• **SUPPLIED DATA**

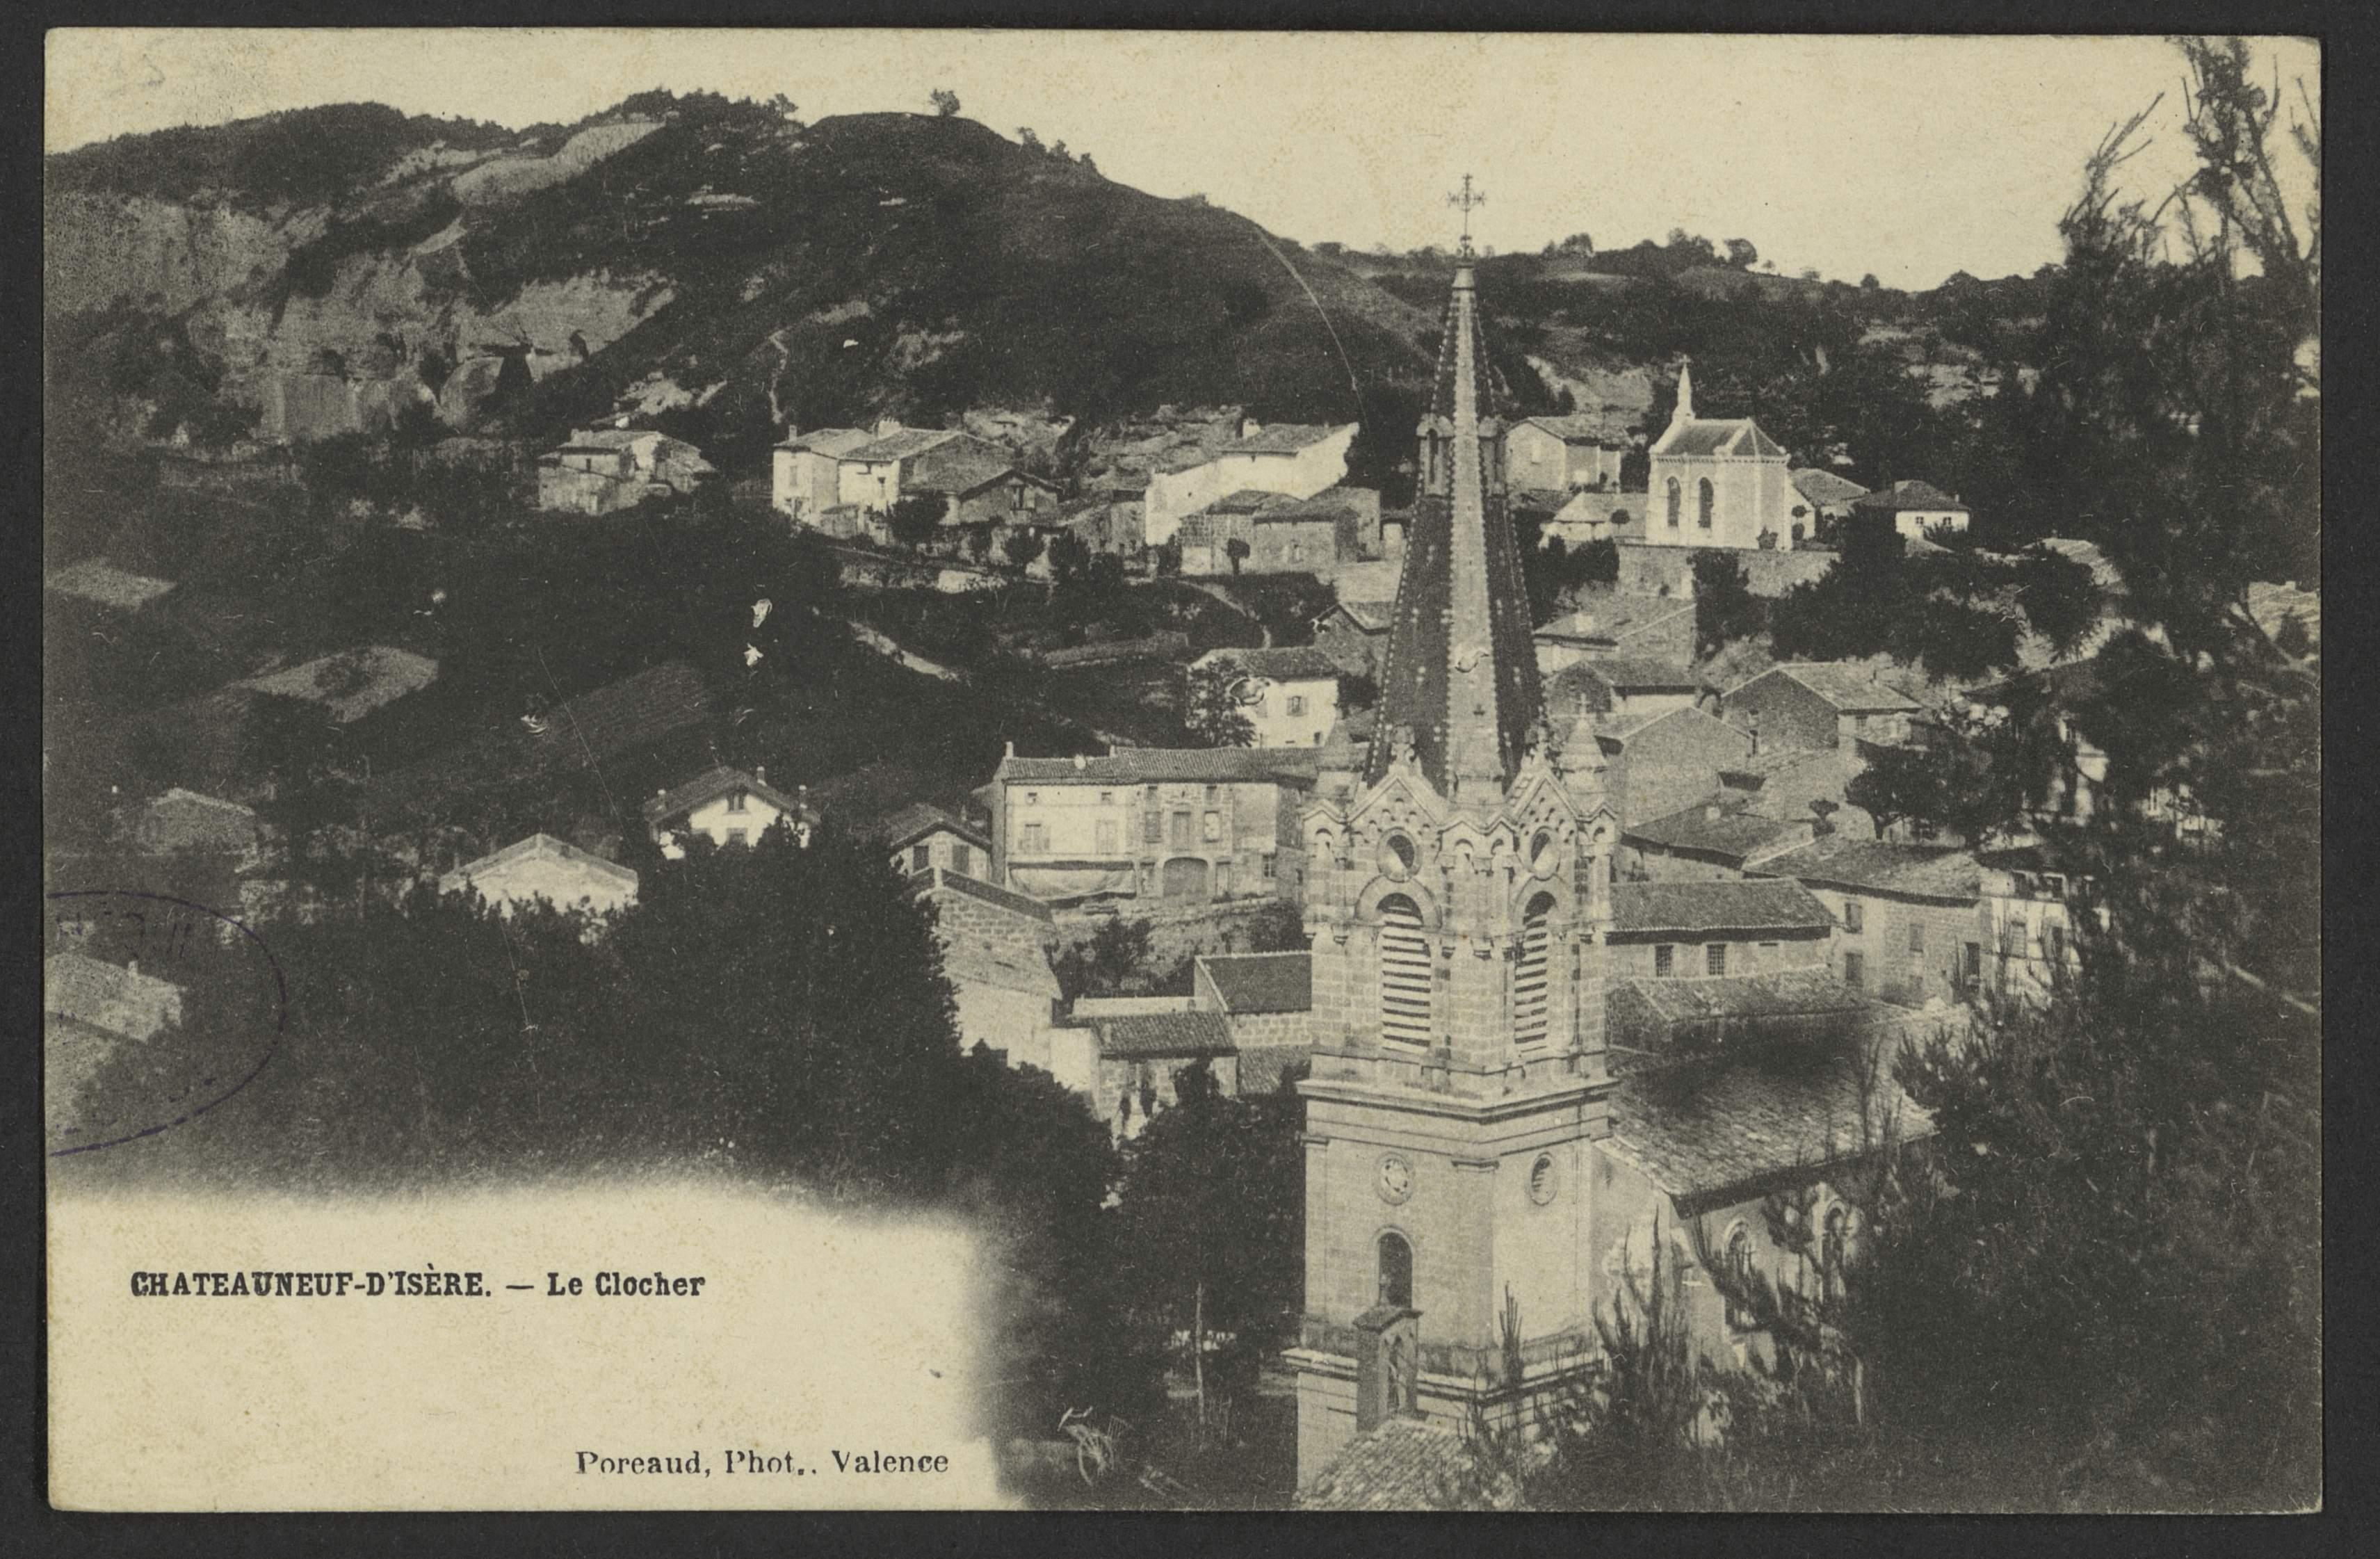 Chateauneuf d'Isère. - Le Clocher
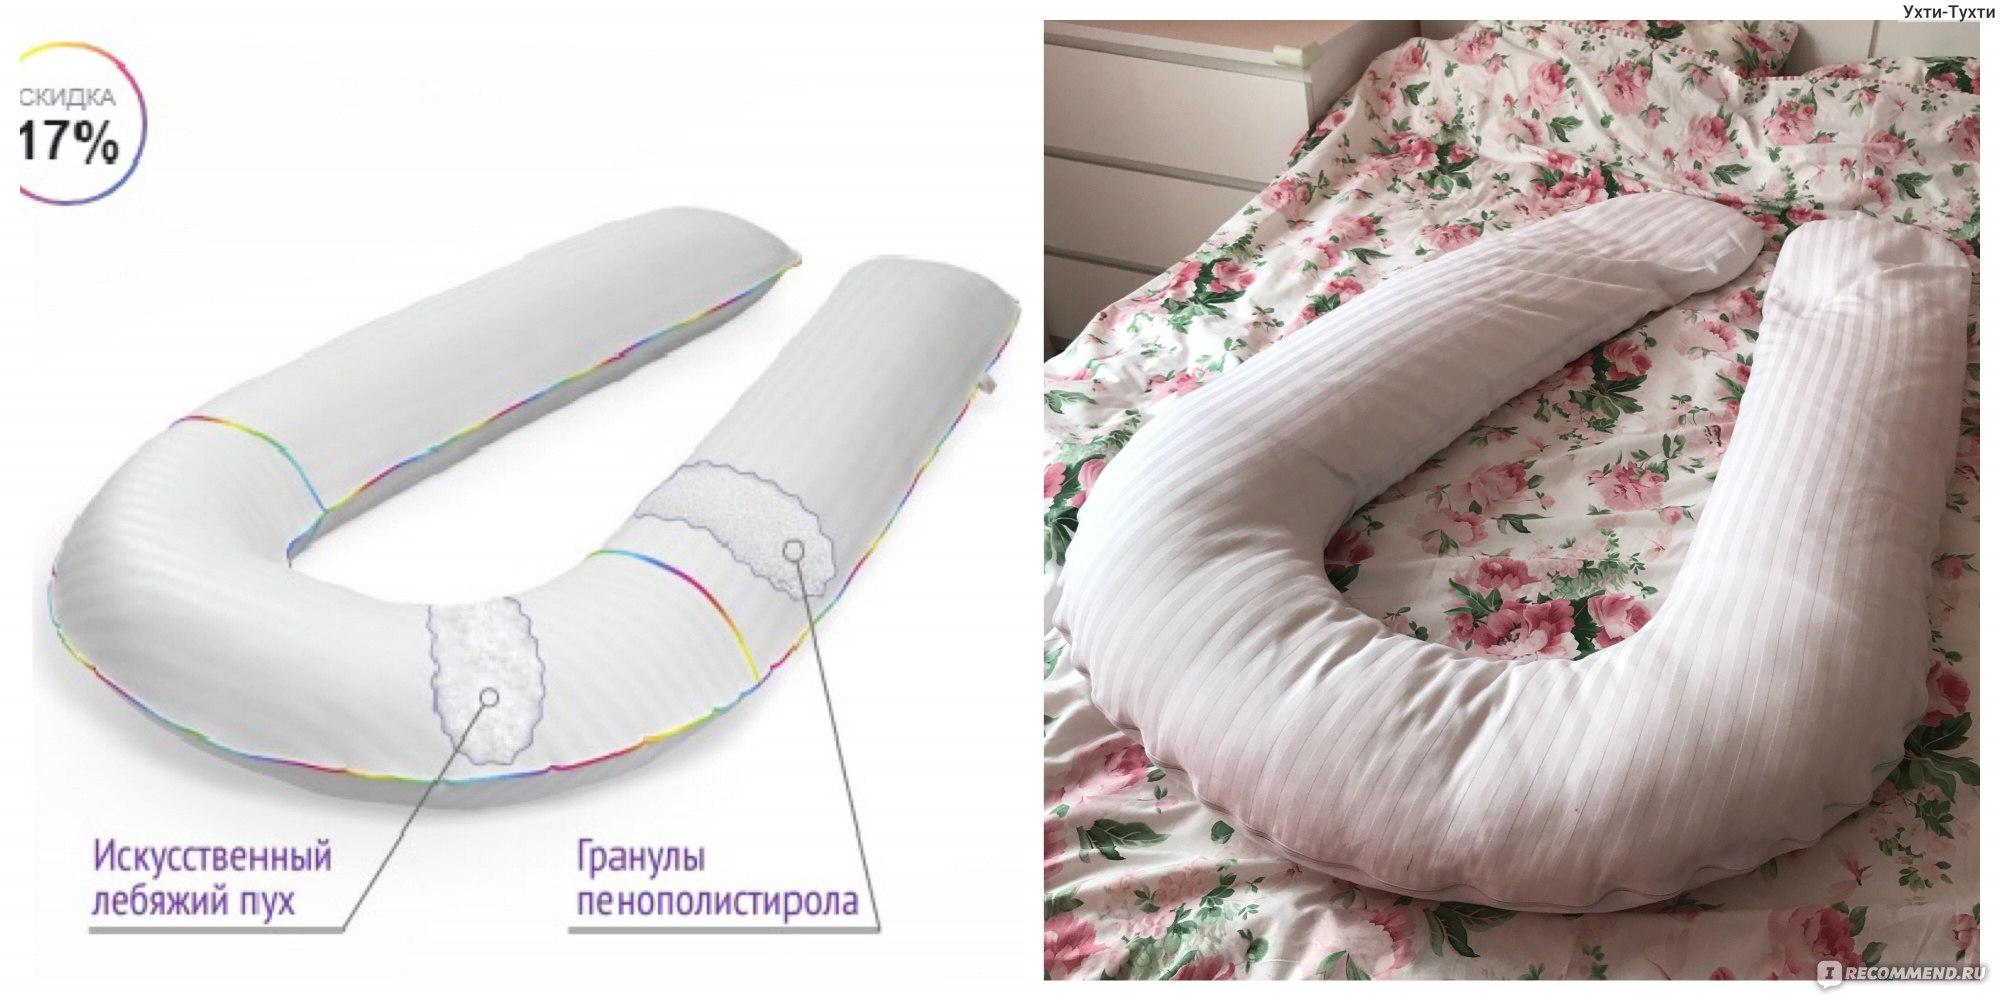 Пенополистирол в подушках для беременных 93
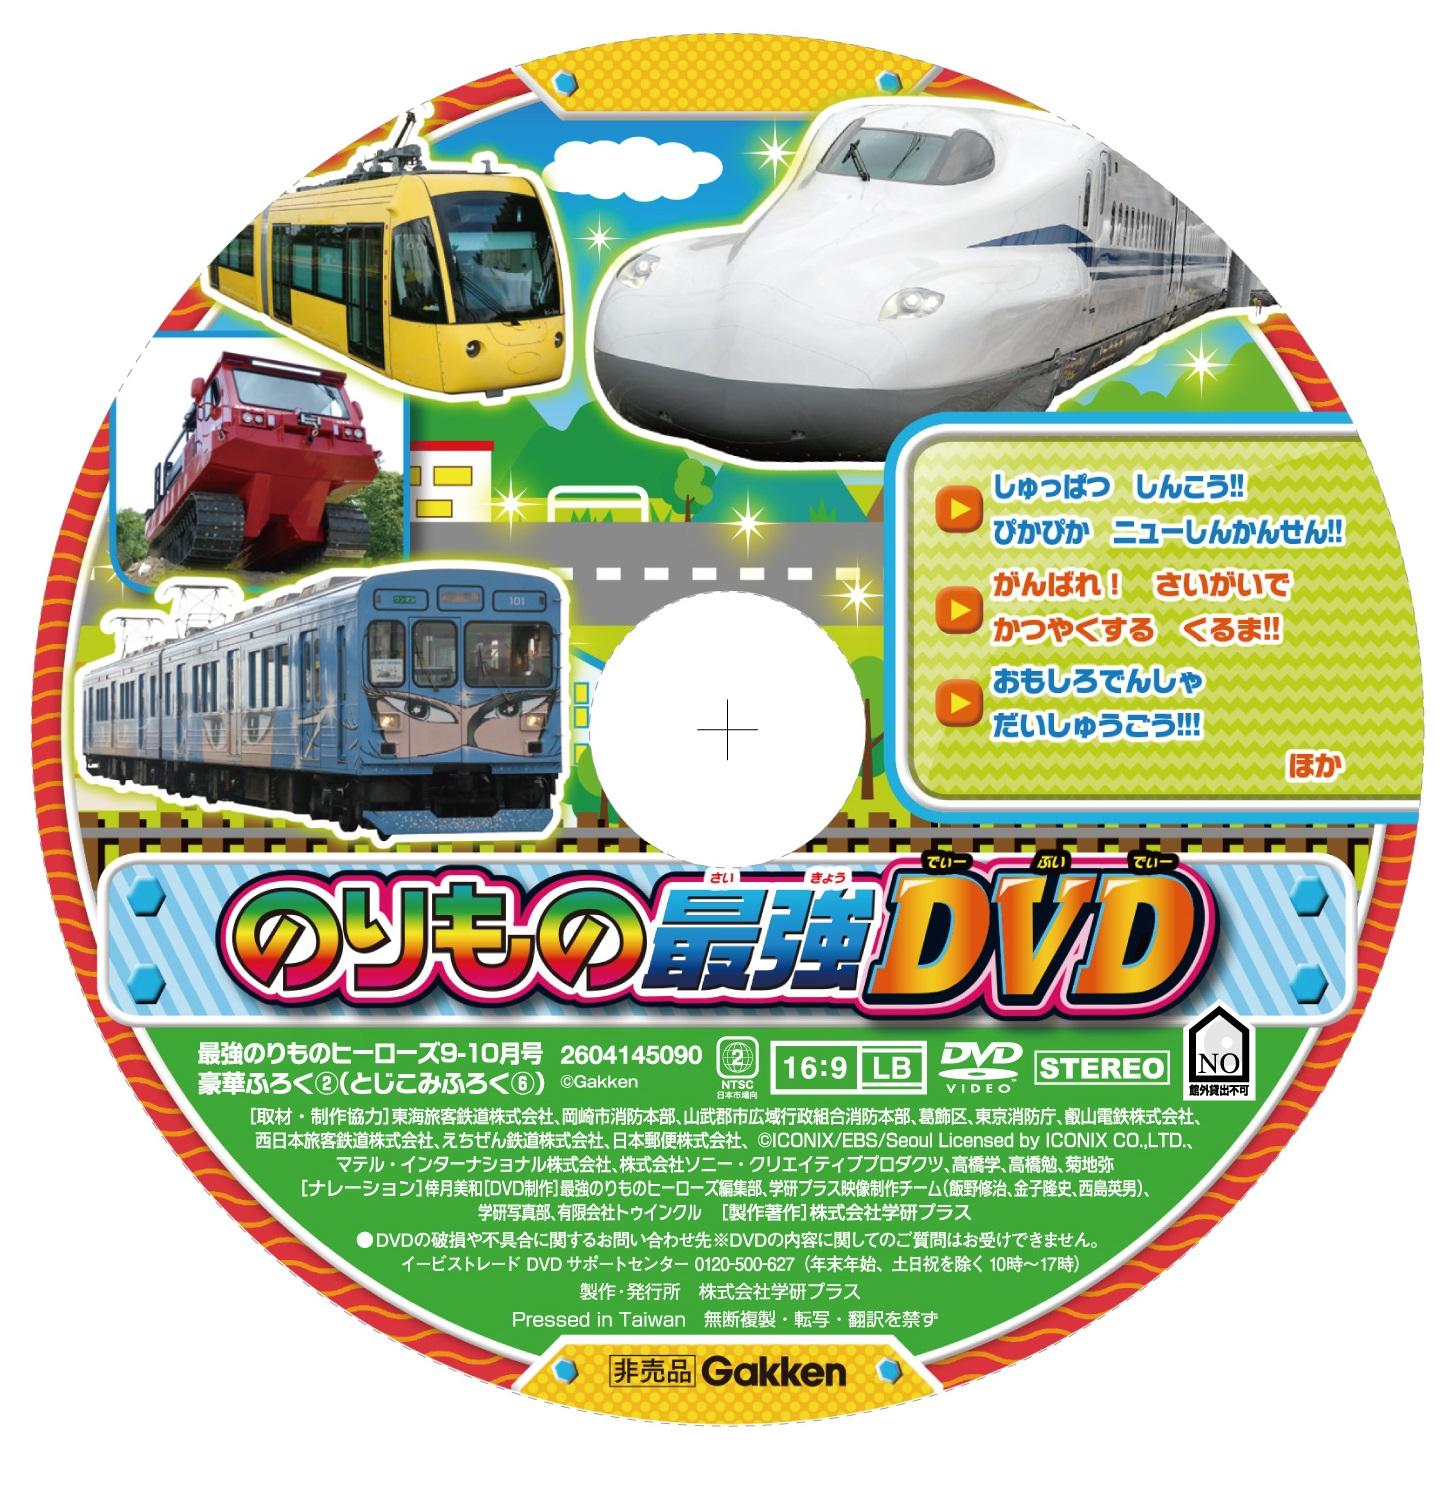 「のりもの最強DVD」盤面
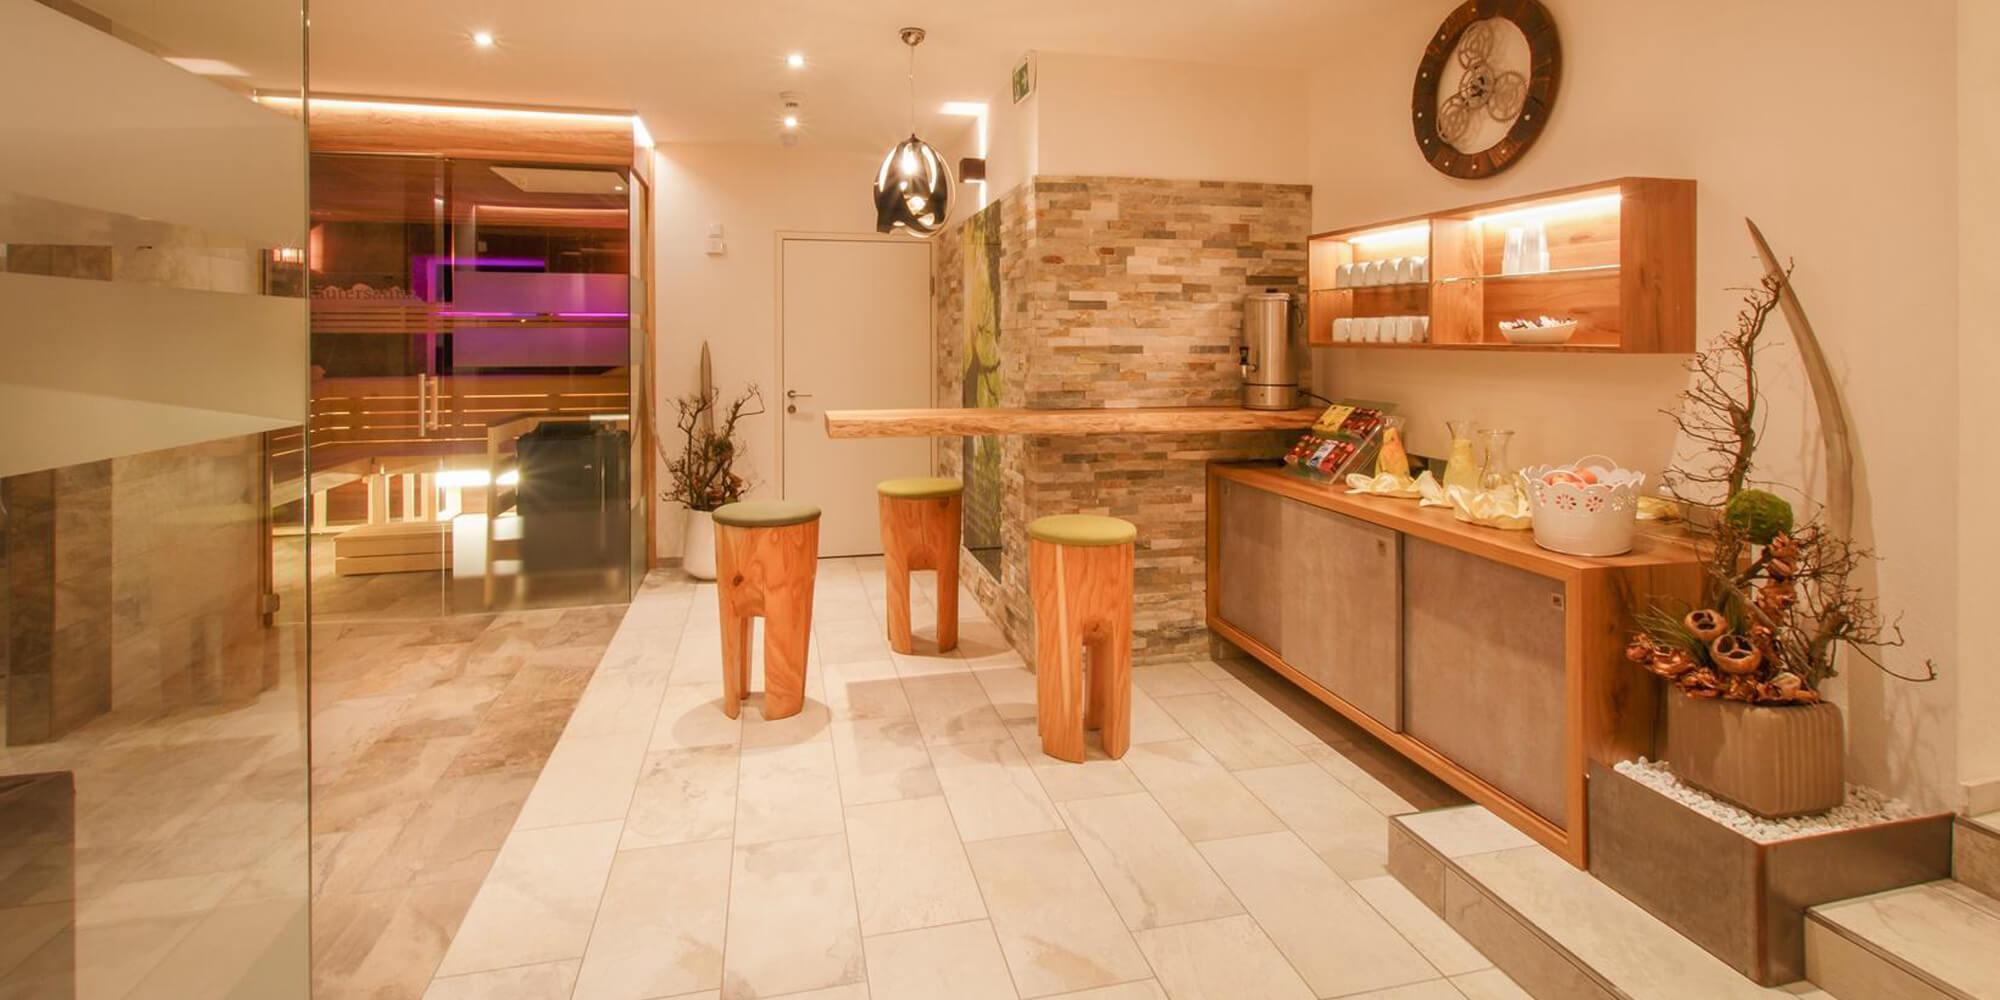 Crea-Plan-Design-Rauch-Frühmann-Architektur-Innenarchitektur-Design-Projekt-Referenz-Hotelerie-Gastronomie-Hotel-Donauschlinge-Wellness-2

• **YOUR ASSIGNMENT**
Return the full material word for word. Do not include the pictures.

• **SOLUTION TO THIS EXERCISE**
 Chateauneuf d'Isère. - Le Clocher
 Пенополистирол в подушках для беременных 93
 「のりもの最強DVD」盤面
 Crea-Plan-Design-Rauch-Frühmann-Architektur-Innenarchitektur-Design-Projekt-Referenz-Hotelerie-Gastronomie-Hotel-Donauschlinge-Wellness-2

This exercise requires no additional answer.